- **Extracted records**
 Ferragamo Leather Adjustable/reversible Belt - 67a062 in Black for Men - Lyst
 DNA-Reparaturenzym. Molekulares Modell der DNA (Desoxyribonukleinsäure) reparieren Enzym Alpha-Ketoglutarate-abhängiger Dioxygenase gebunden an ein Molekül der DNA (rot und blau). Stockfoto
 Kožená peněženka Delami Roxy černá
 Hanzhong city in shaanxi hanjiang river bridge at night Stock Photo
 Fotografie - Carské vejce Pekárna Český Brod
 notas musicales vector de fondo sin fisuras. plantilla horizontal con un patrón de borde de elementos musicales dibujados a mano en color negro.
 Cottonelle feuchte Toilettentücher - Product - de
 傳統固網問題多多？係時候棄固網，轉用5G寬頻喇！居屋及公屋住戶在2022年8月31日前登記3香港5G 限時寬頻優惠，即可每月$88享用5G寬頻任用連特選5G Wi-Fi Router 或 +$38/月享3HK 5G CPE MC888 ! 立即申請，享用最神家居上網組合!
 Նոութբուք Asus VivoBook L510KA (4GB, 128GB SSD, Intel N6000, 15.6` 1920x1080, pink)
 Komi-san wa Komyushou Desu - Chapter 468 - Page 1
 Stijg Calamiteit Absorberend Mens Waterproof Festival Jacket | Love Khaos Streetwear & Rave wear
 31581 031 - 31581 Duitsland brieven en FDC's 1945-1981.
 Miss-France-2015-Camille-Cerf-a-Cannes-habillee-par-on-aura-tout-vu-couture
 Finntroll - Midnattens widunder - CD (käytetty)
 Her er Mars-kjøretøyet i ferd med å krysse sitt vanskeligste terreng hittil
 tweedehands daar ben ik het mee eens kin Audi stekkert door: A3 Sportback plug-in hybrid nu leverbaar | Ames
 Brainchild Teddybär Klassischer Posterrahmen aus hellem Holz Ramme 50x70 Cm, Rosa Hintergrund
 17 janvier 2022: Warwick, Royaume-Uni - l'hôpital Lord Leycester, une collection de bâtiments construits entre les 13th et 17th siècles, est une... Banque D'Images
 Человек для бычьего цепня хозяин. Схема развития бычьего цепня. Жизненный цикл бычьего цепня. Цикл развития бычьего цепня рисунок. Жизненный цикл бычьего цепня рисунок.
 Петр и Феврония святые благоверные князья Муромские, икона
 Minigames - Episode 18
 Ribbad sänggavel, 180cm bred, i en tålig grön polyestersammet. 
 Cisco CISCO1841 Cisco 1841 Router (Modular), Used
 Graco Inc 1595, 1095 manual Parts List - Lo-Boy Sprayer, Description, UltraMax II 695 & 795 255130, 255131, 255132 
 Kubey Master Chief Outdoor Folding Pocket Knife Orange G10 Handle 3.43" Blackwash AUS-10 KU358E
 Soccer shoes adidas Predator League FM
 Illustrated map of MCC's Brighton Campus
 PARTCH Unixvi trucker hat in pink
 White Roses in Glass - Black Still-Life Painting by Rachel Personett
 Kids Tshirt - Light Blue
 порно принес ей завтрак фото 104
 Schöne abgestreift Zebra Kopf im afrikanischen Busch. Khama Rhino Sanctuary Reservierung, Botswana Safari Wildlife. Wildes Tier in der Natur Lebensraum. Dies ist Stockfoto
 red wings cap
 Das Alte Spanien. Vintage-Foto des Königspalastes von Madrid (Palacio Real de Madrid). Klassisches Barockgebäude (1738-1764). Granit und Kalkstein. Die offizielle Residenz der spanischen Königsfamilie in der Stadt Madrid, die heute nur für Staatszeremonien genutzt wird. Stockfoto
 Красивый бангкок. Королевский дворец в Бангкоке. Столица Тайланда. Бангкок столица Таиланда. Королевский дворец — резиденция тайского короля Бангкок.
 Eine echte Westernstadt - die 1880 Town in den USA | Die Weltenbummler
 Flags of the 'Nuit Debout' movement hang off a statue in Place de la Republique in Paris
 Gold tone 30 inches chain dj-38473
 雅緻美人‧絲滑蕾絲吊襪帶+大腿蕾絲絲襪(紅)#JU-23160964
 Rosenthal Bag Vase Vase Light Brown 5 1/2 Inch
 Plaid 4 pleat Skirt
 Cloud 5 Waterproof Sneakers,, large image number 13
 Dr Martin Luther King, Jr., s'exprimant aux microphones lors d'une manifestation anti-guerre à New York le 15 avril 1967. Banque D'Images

- **Problem**
Starting at the top of the listing above, write out every line exactly as it appears.

- **Output for this task**
 Ferragamo Leather Adjustable/reversible Belt - 67a062 in Black for Men - Lyst
 DNA-Reparaturenzym. Molekulares Modell der DNA (Desoxyribonukleinsäure) reparieren Enzym Alpha-Ketoglutarate-abhängiger Dioxygenase gebunden an ein Molekül der DNA (rot und blau). Stockfoto
 Kožená peněženka Delami Roxy černá
 Hanzhong city in shaanxi hanjiang river bridge at night Stock Photo
 Fotografie - Carské vejce Pekárna Český Brod
 notas musicales vector de fondo sin fisuras. plantilla horizontal con un patrón de borde de elementos musicales dibujados a mano en color negro.
 Cottonelle feuchte Toilettentücher - Product - de
 傳統固網問題多多？係時候棄固網，轉用5G寬頻喇！居屋及公屋住戶在2022年8月31日前登記3香港5G 限時寬頻優惠，即可每月$88享用5G寬頻任用連特選5G Wi-Fi Router 或 +$38/月享3HK 5G CPE MC888 ! 立即申請，享用最神家居上網組合!
 Նոութբուք Asus VivoBook L510KA (4GB, 128GB SSD, Intel N6000, 15.6` 1920x1080, pink)
 Komi-san wa Komyushou Desu - Chapter 468 - Page 1
 Stijg Calamiteit Absorberend Mens Waterproof Festival Jacket | Love Khaos Streetwear & Rave wear
 31581 031 - 31581 Duitsland brieven en FDC's 1945-1981.
 Miss-France-2015-Camille-Cerf-a-Cannes-habillee-par-on-aura-tout-vu-couture
 Finntroll - Midnattens widunder - CD (käytetty)
 Her er Mars-kjøretøyet i ferd med å krysse sitt vanskeligste terreng hittil
 tweedehands daar ben ik het mee eens kin Audi stekkert door: A3 Sportback plug-in hybrid nu leverbaar | Ames
 Brainchild Teddybär Klassischer Posterrahmen aus hellem Holz Ramme 50x70 Cm, Rosa Hintergrund
 17 janvier 2022: Warwick, Royaume-Uni - l'hôpital Lord Leycester, une collection de bâtiments construits entre les 13th et 17th siècles, est une... Banque D'Images
 Человек для бычьего цепня хозяин. Схема развития бычьего цепня. Жизненный цикл бычьего цепня. Цикл развития бычьего цепня рисунок. Жизненный цикл бычьего цепня рисунок.
 Петр и Феврония святые благоверные князья Муромские, икона
 Minigames - Episode 18
 Ribbad sänggavel, 180cm bred, i en tålig grön polyestersammet. 
 Cisco CISCO1841 Cisco 1841 Router (Modular), Used
 Graco Inc 1595, 1095 manual Parts List - Lo-Boy Sprayer, Description, UltraMax II 695 & 795 255130, 255131, 255132 
 Kubey Master Chief Outdoor Folding Pocket Knife Orange G10 Handle 3.43" Blackwash AUS-10 KU358E
 Soccer shoes adidas Predator League FM
 Illustrated map of MCC's Brighton Campus
 PARTCH Unixvi trucker hat in pink
 White Roses in Glass - Black Still-Life Painting by Rachel Personett
 Kids Tshirt - Light Blue
 порно принес ей завтрак фото 104
 Schöne abgestreift Zebra Kopf im afrikanischen Busch. Khama Rhino Sanctuary Reservierung, Botswana Safari Wildlife. Wildes Tier in der Natur Lebensraum. Dies ist Stockfoto
 red wings cap
 Das Alte Spanien. Vintage-Foto des Königspalastes von Madrid (Palacio Real de Madrid). Klassisches Barockgebäude (1738-1764). Granit und Kalkstein. Die offizielle Residenz der spanischen Königsfamilie in der Stadt Madrid, die heute nur für Staatszeremonien genutzt wird. Stockfoto
 Красивый бангкок. Королевский дворец в Бангкоке. Столица Тайланда. Бангкок столица Таиланда. Королевский дворец — резиденция тайского короля Бангкок.
 Eine echte Westernstadt - die 1880 Town in den USA | Die Weltenbummler
 Flags of the 'Nuit Debout' movement hang off a statue in Place de la Republique in Paris
 Gold tone 30 inches chain dj-38473
 雅緻美人‧絲滑蕾絲吊襪帶+大腿蕾絲絲襪(紅)#JU-23160964
 Rosenthal Bag Vase Vase Light Brown 5 1/2 Inch
 Plaid 4 pleat Skirt
 Cloud 5 Waterproof Sneakers,, large image number 13
 Dr Martin Luther King, Jr., s'exprimant aux microphones lors d'une manifestation anti-guerre à New York le 15 avril 1967. Banque D'Images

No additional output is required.